== Records ==
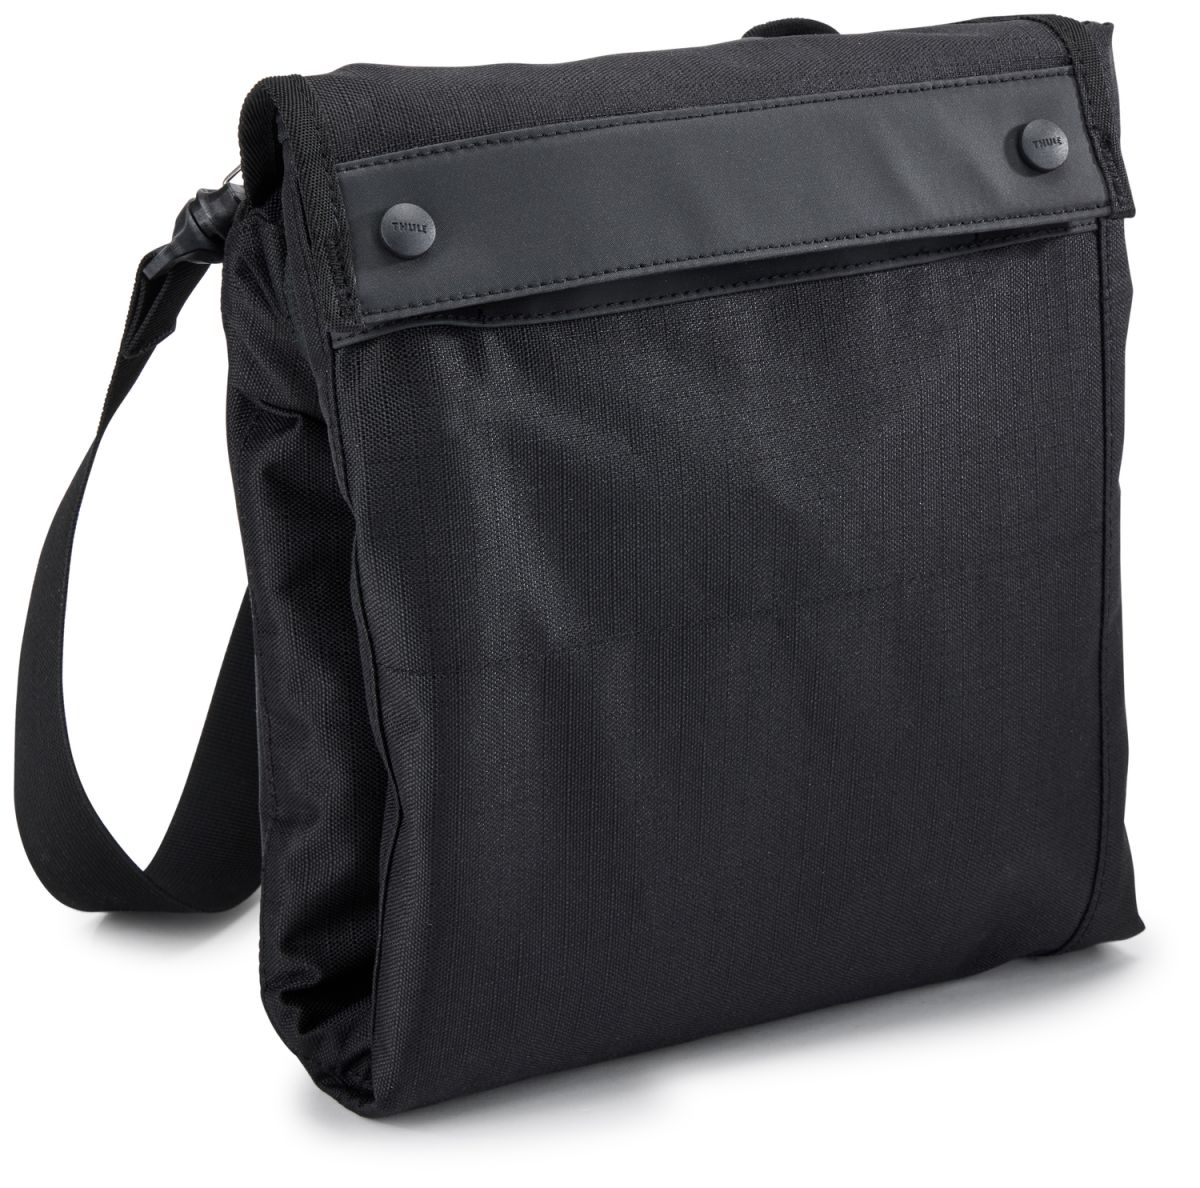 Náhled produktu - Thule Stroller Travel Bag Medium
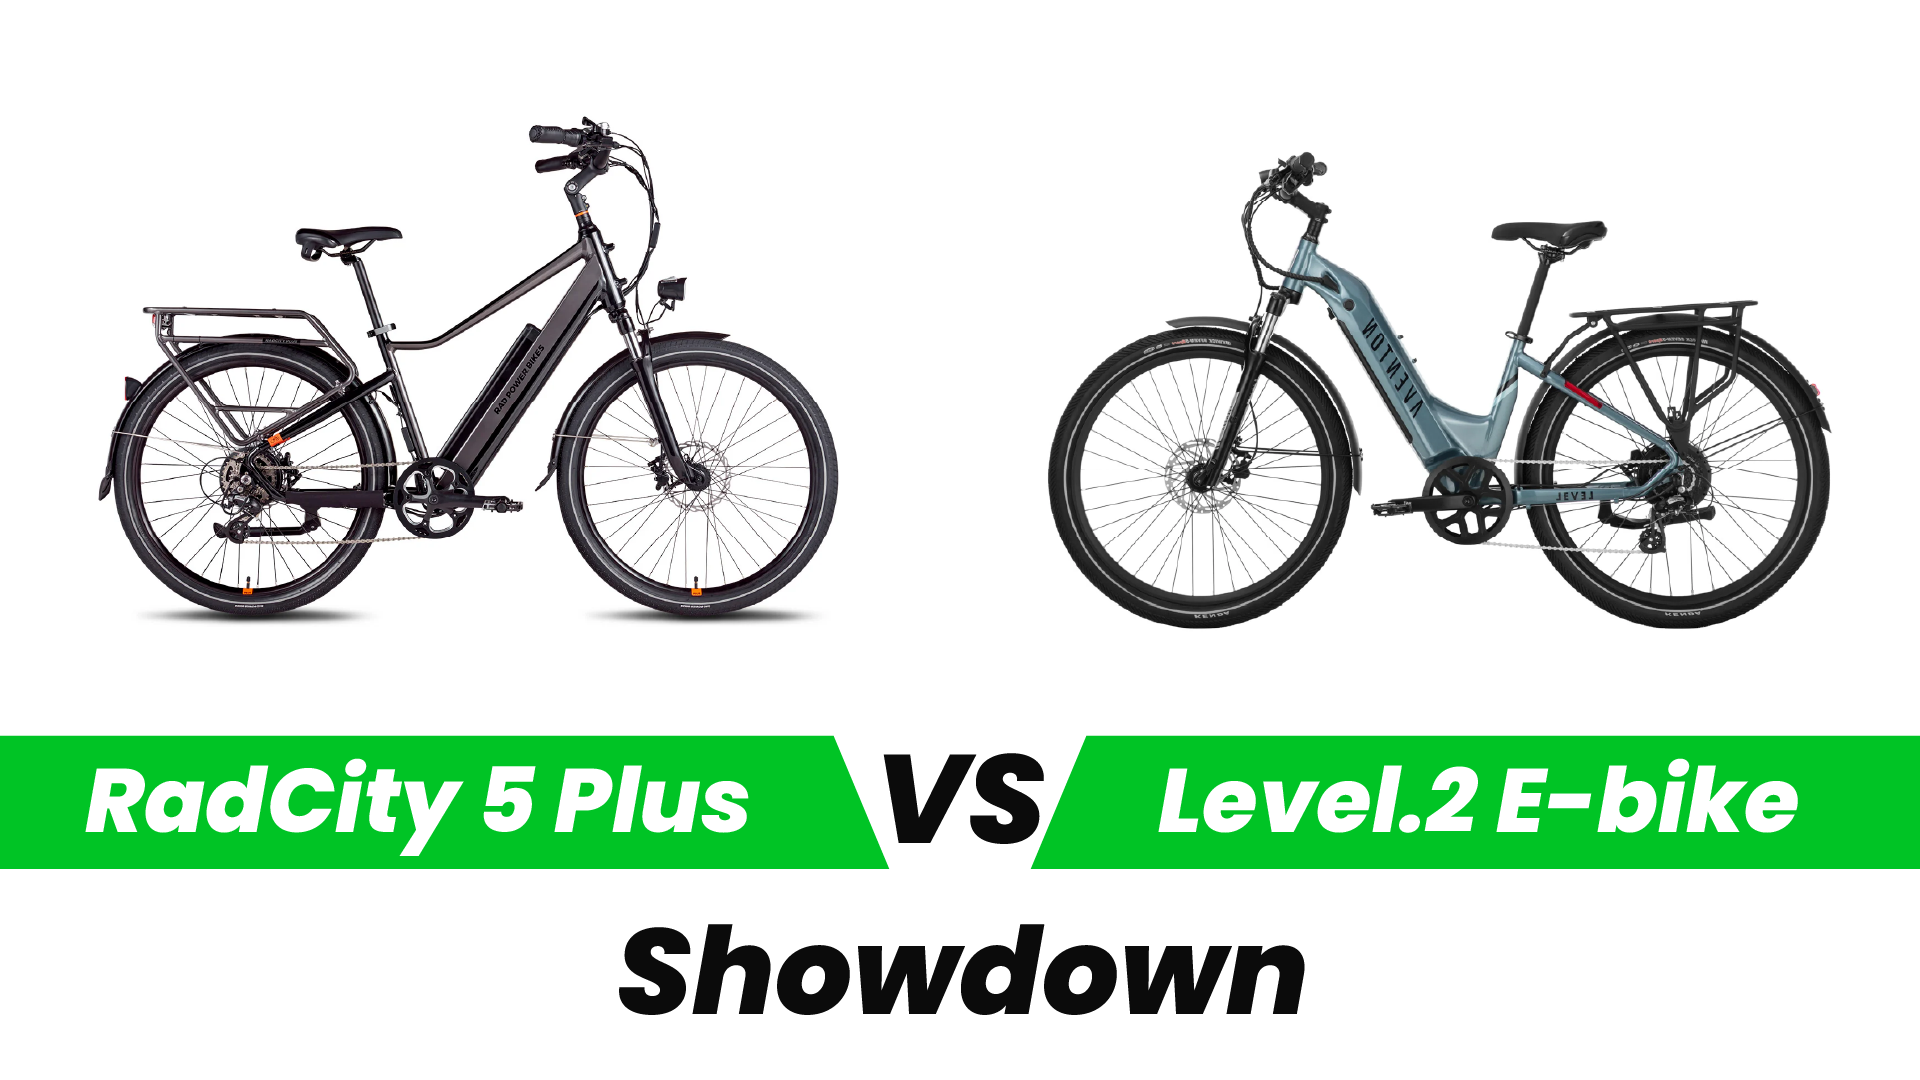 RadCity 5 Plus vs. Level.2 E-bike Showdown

==

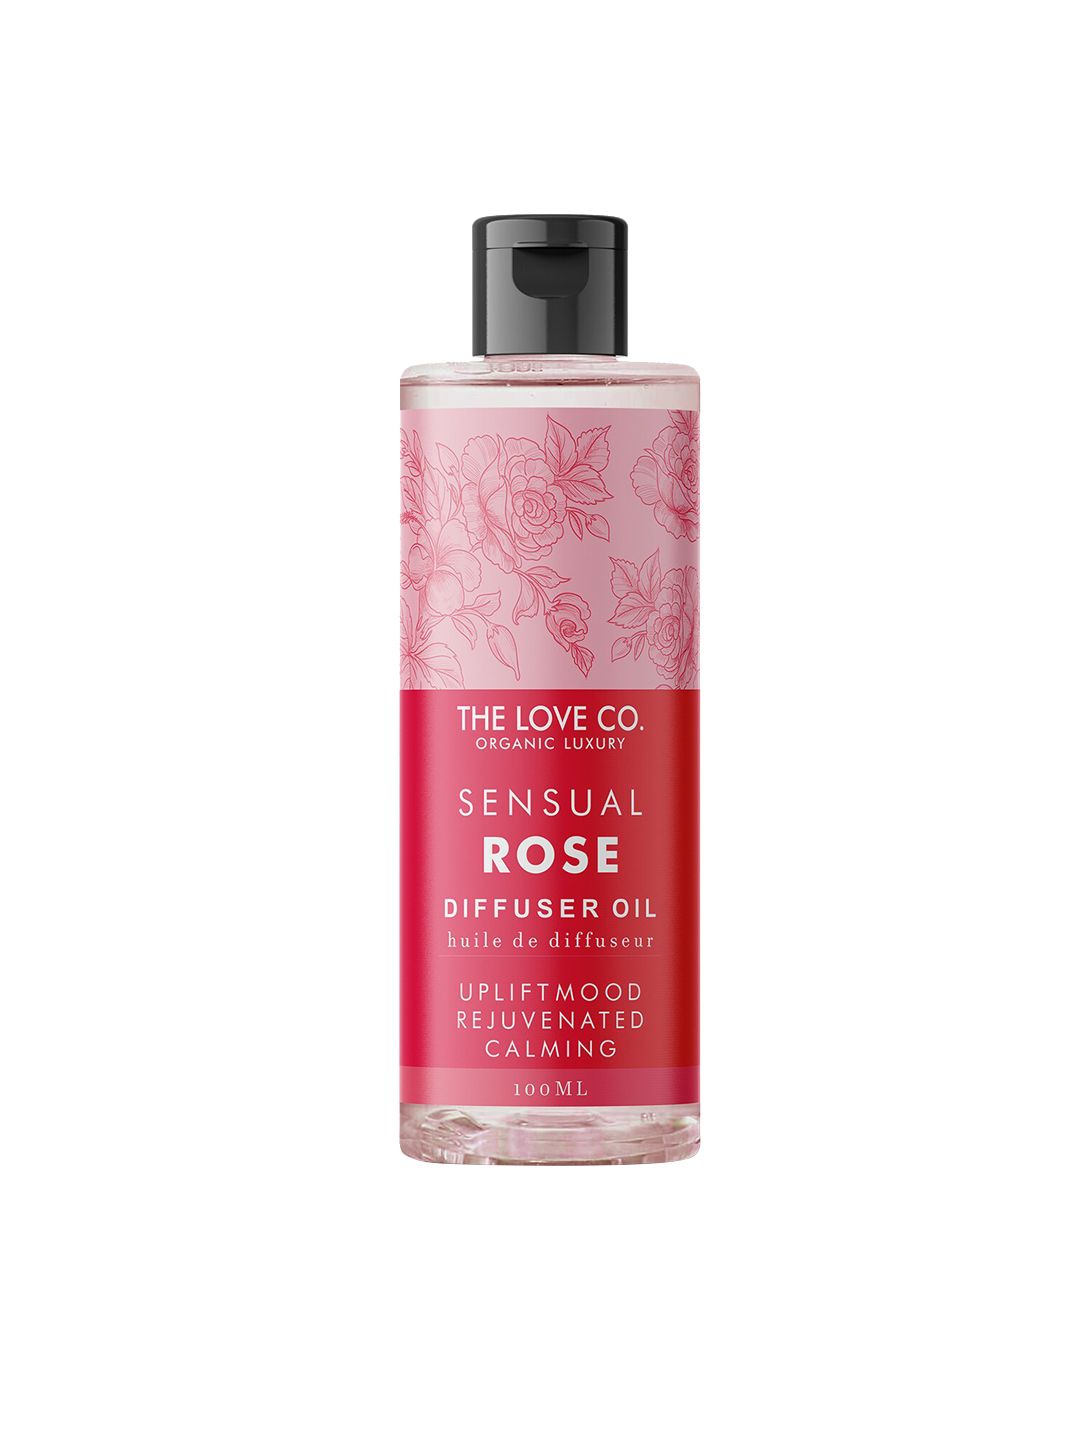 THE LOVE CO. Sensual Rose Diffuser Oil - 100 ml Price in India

== Problem statement ==
Going by the entries above, repeat exactly the lines that start at the line with "Náhled produktu - Thule" and go on through the line with "RadCity 5 Plus vs. Level.2 E-bike Showdown". Pictures are not part of the copy.

== Worked solution ==
 Náhled produktu - Thule Stroller Travel Bag Medium
 RadCity 5 Plus vs. Level.2 E-bike Showdown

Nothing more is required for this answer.